Sunday, February 7, 2010

Schizophrenia

Schizophrenia runs in my family, though I didn’t know this until almost a year ago.

My father had an uncle who lived on the streets of Detroit, derelict, a loser and suspected alcoholic, rejected by his sister and brother and seldom discussed. My father’s brother, my uncle, was in a car accident during college, causing brain damage and sparking his downward decline. The uncle I knew smoked a lot of pot and painted images of the Virgin Mary, sporadically present in the lives of his wife and their five impoverished children. His wife later became a psychiatric nurse, and is now the primary caregiver of their adult child, my cousin, who is the only family member to be formally diagnosed with schizophrenia.

Schizophrenia runs in my day-to-day life, too, and has for a few years now.
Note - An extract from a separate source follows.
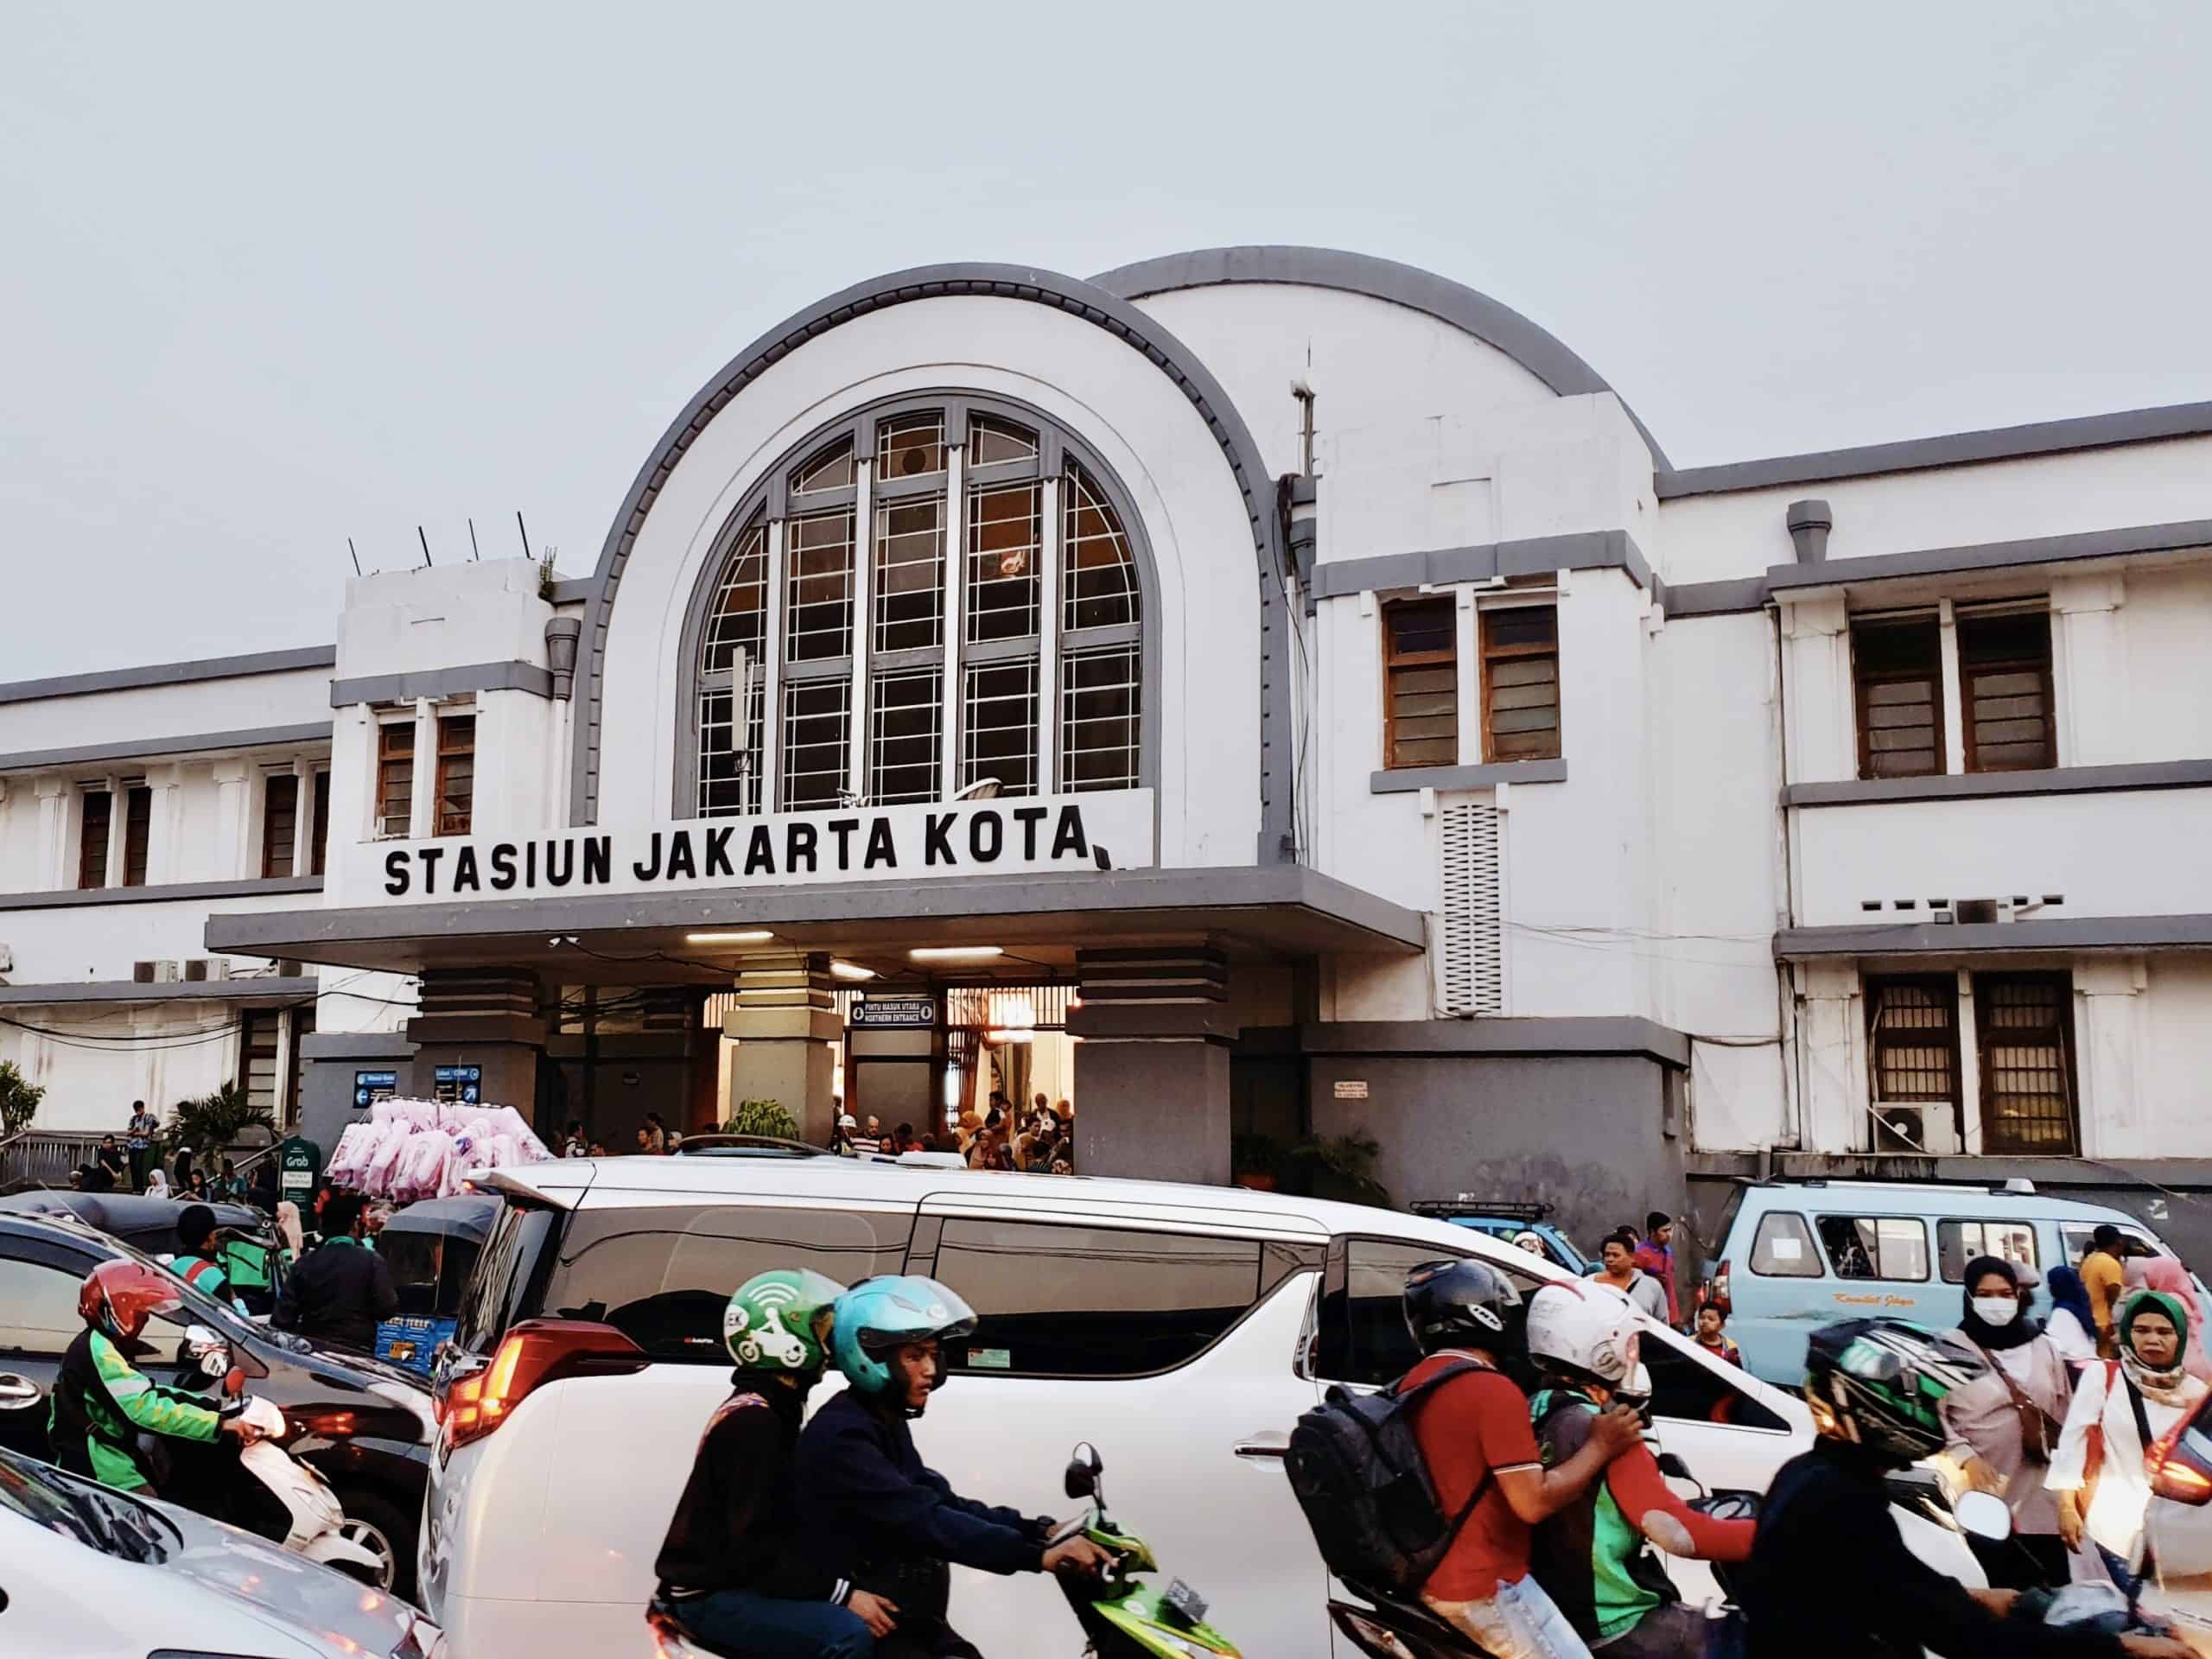 Crazy traffic in Jakarta's Kota Tua

Yesterday, I tried to offer a homeless man food, and he screamed at me and called me a cannibal. I retreated, quietly, and felt hurt and scared, and then wondered what it must be like to go through life, balled up in the corners of loading docks, believing the world to be full of marauding monsters who want to eat your flesh. A woman at work once smiled at me and said that I made her sad. She knew that I was really dead and being remotely controlled by Hell’s Angels, as were all of her friends, and that, eventually, all women would end up this way.

Not knowing how to respond, I walked away.